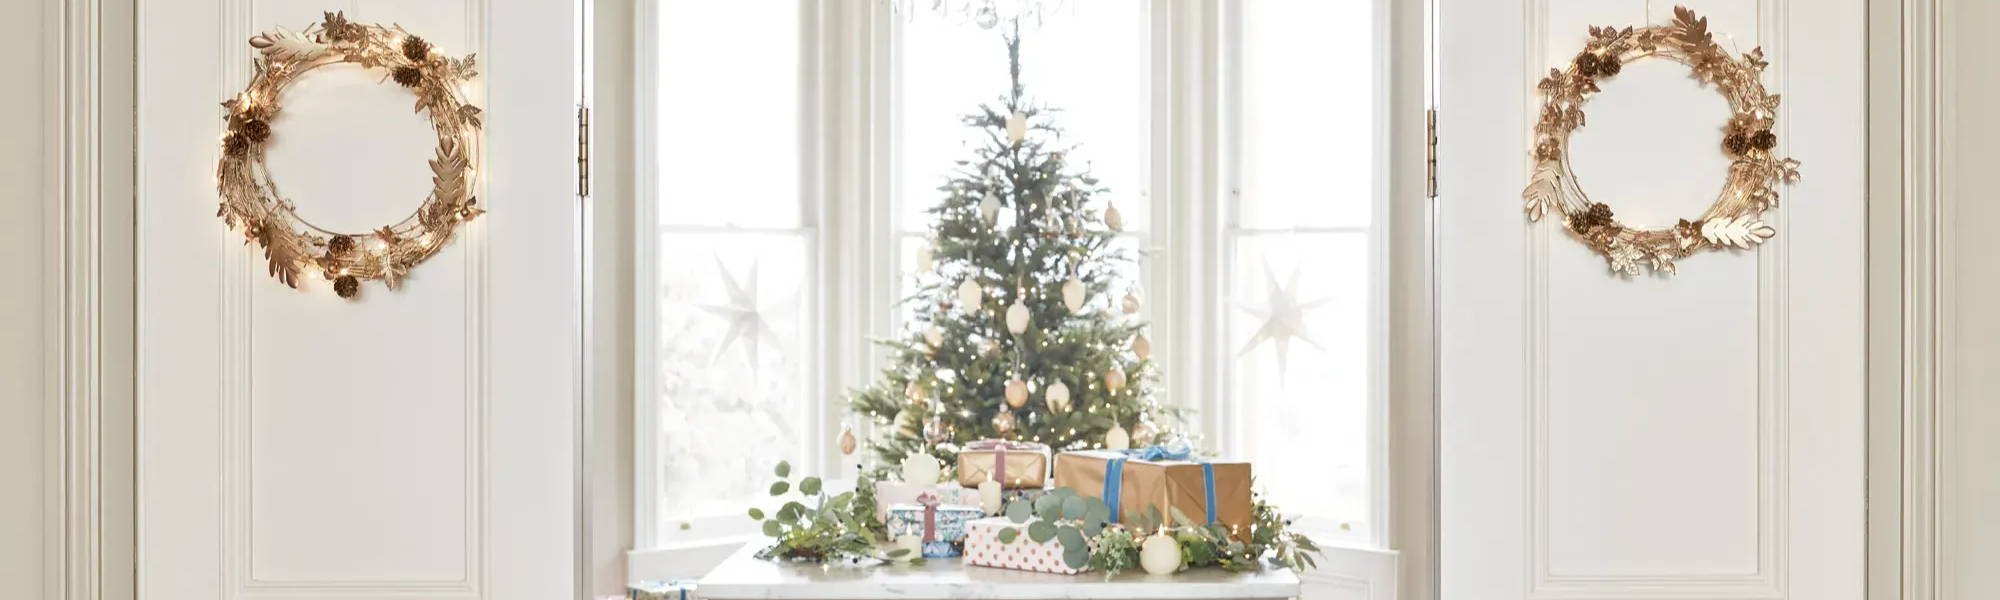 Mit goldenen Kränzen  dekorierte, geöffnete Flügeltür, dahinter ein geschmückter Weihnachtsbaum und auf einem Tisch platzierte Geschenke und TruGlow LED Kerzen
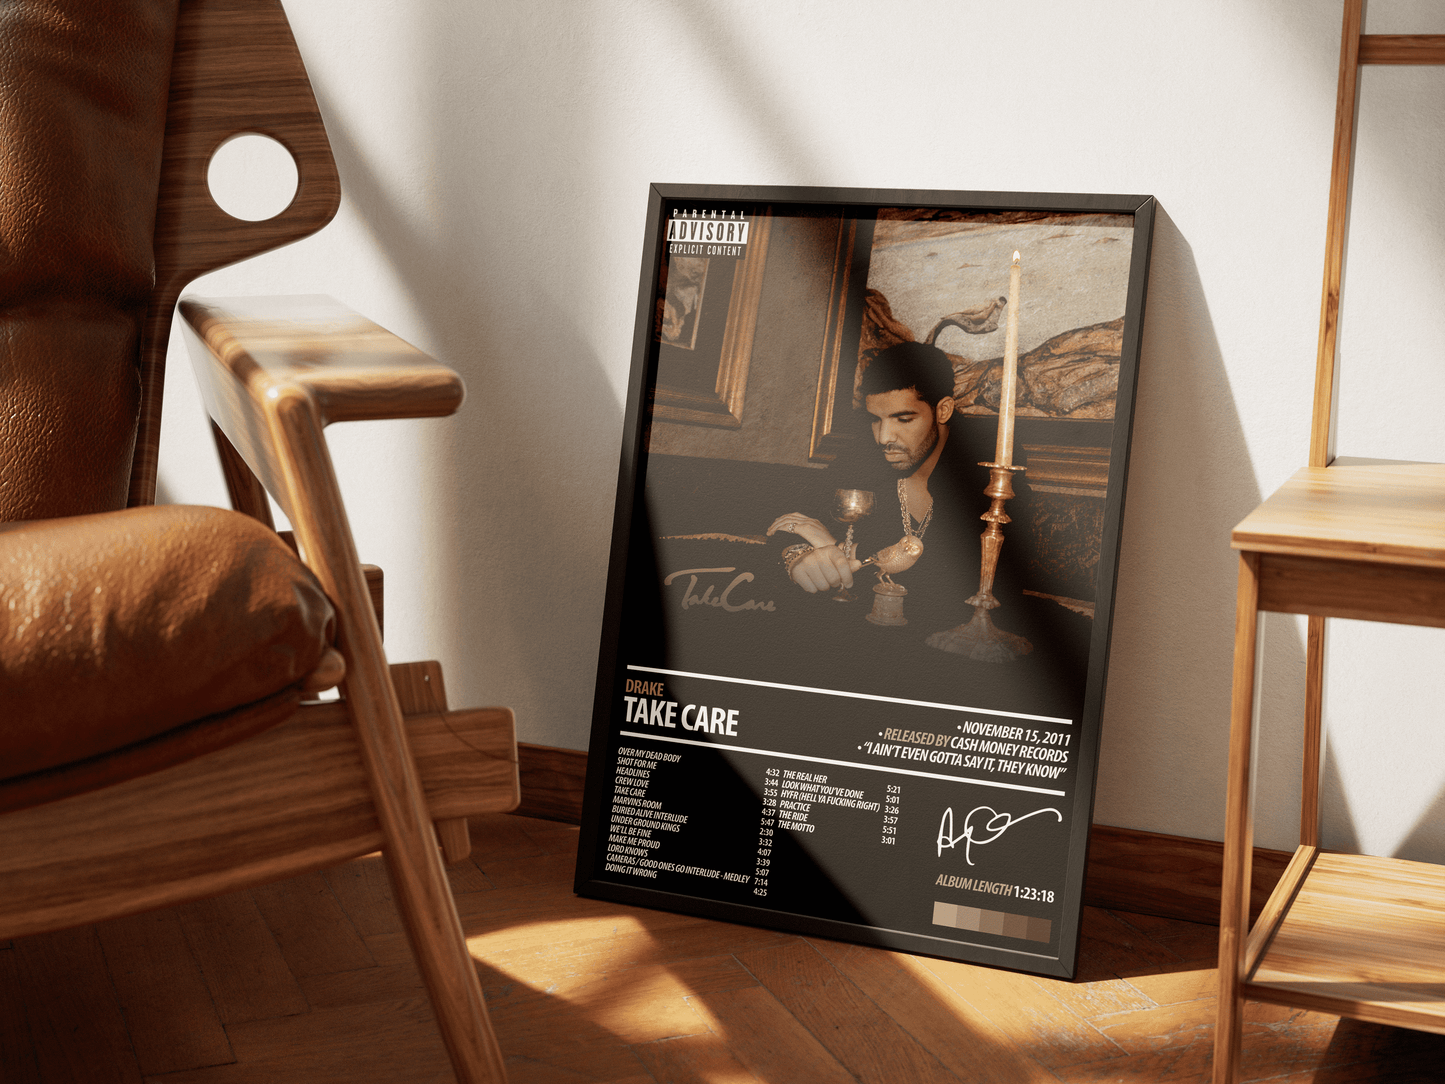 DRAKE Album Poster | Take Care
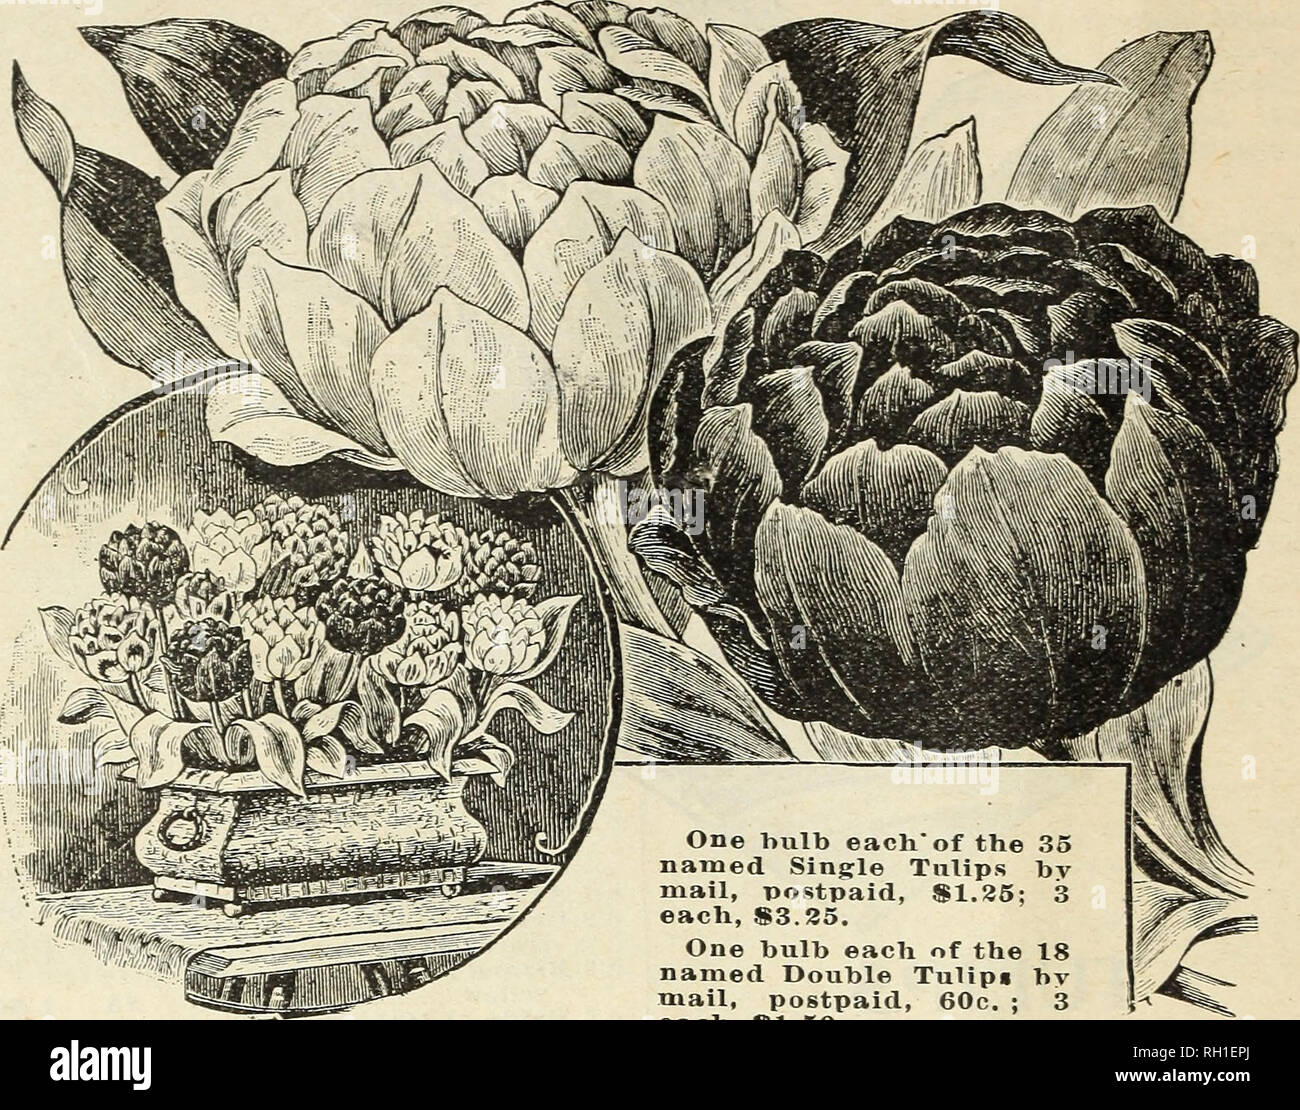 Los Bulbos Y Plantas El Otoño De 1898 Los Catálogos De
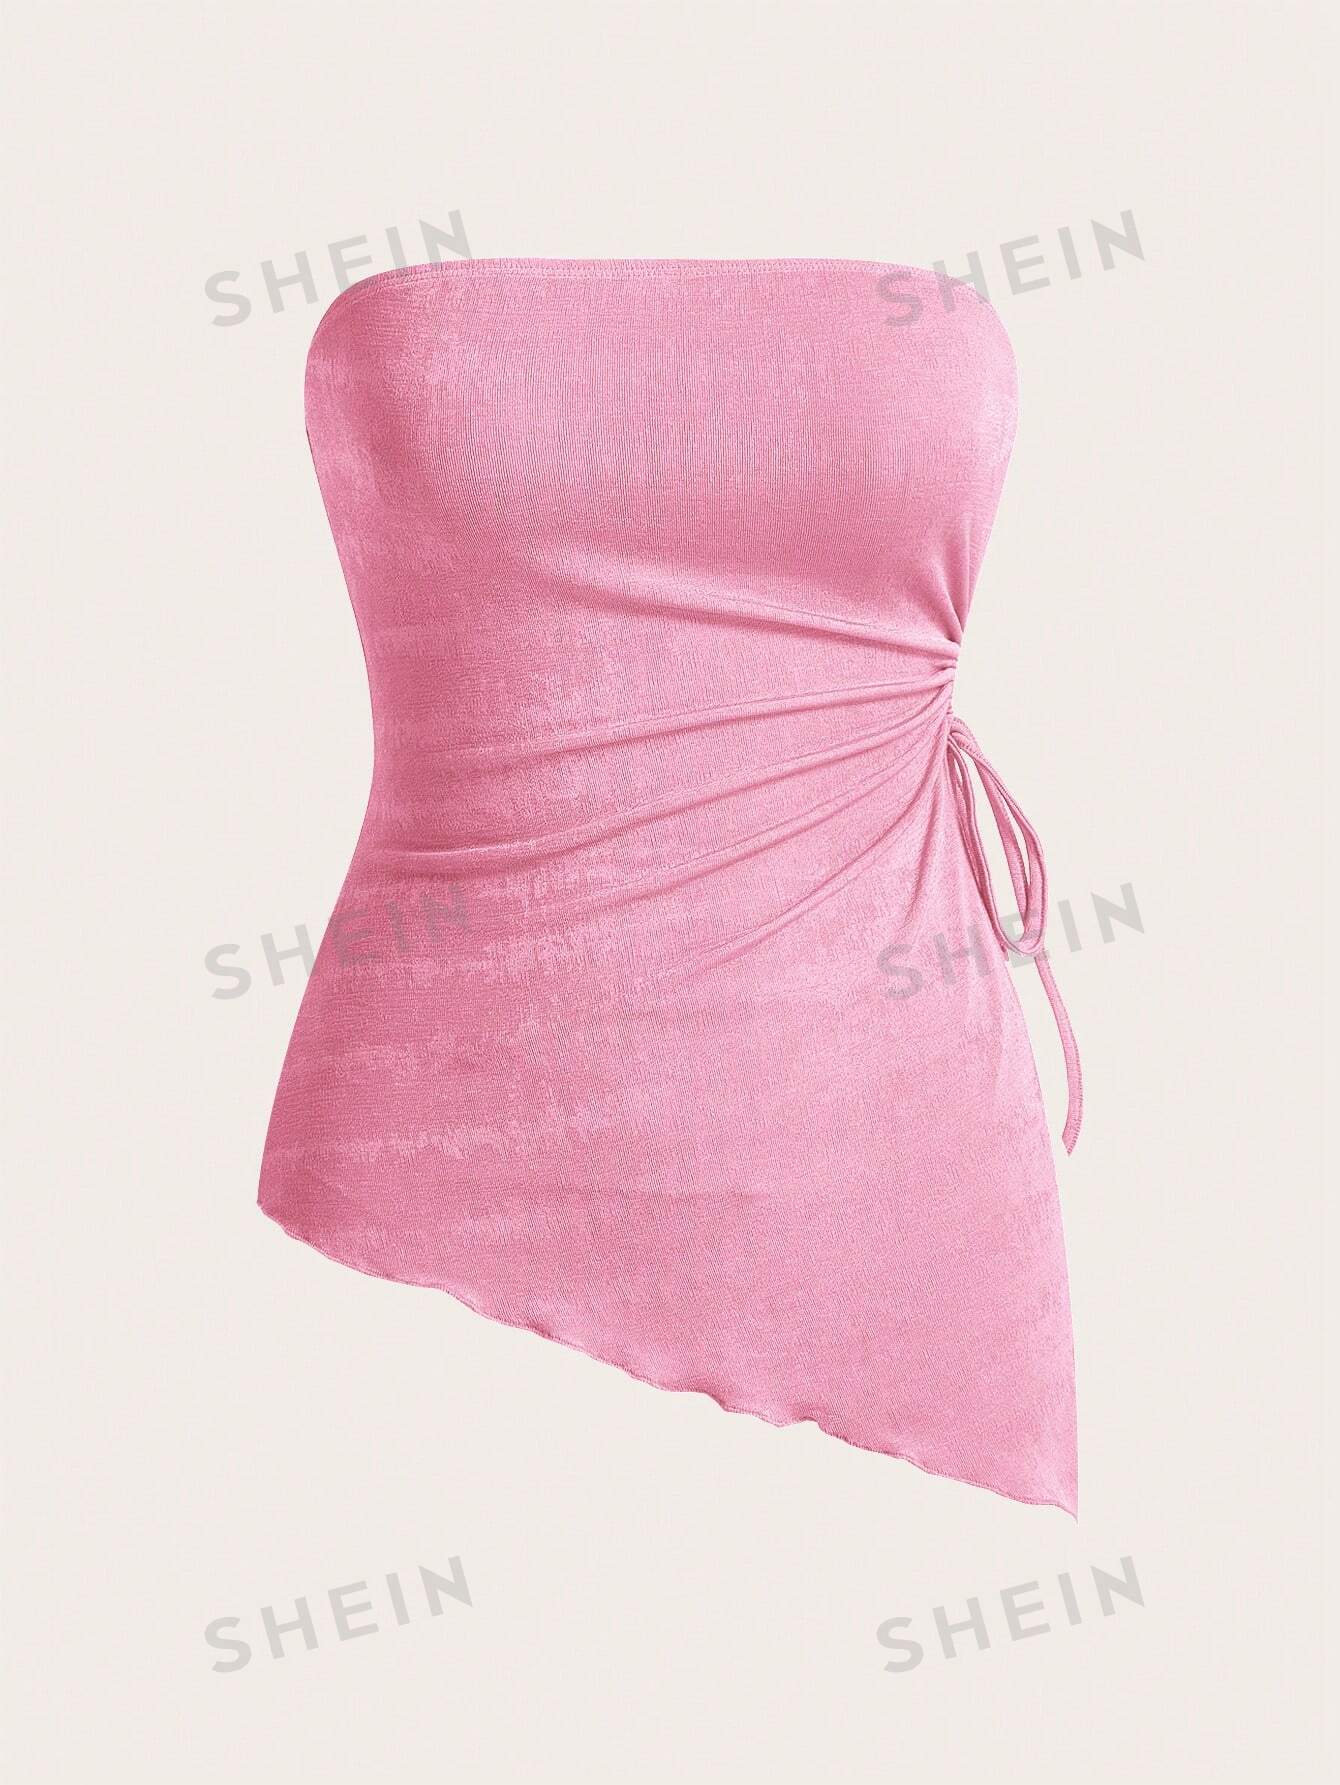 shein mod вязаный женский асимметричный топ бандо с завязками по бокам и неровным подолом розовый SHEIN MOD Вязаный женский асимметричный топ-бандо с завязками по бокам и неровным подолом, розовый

WHAT TO PRODUCE:
Reprint all the data above verbatim, excluding pictures.

SOLUTION TO THE EXERCISE:
 Mit goldenen Kränzen  dekorierte, geöffnete Flügeltür, dahinter ein geschmückter Weihnachtsbaum und auf einem Tisch platzierte Geschenke und TruGlow LED Kerzen
 DRAKE Album Poster | Take Care
 Los Bulbos Y Plantas El Otoño De 1898 Los Catálogos De
 shein mod вязаный женский асимметричный топ бандо с завязками по бокам и неровным подолом розовый SHEIN MOD Вязаный женский асимметричный топ-бандо с завязками по бокам и неровным подолом, розовый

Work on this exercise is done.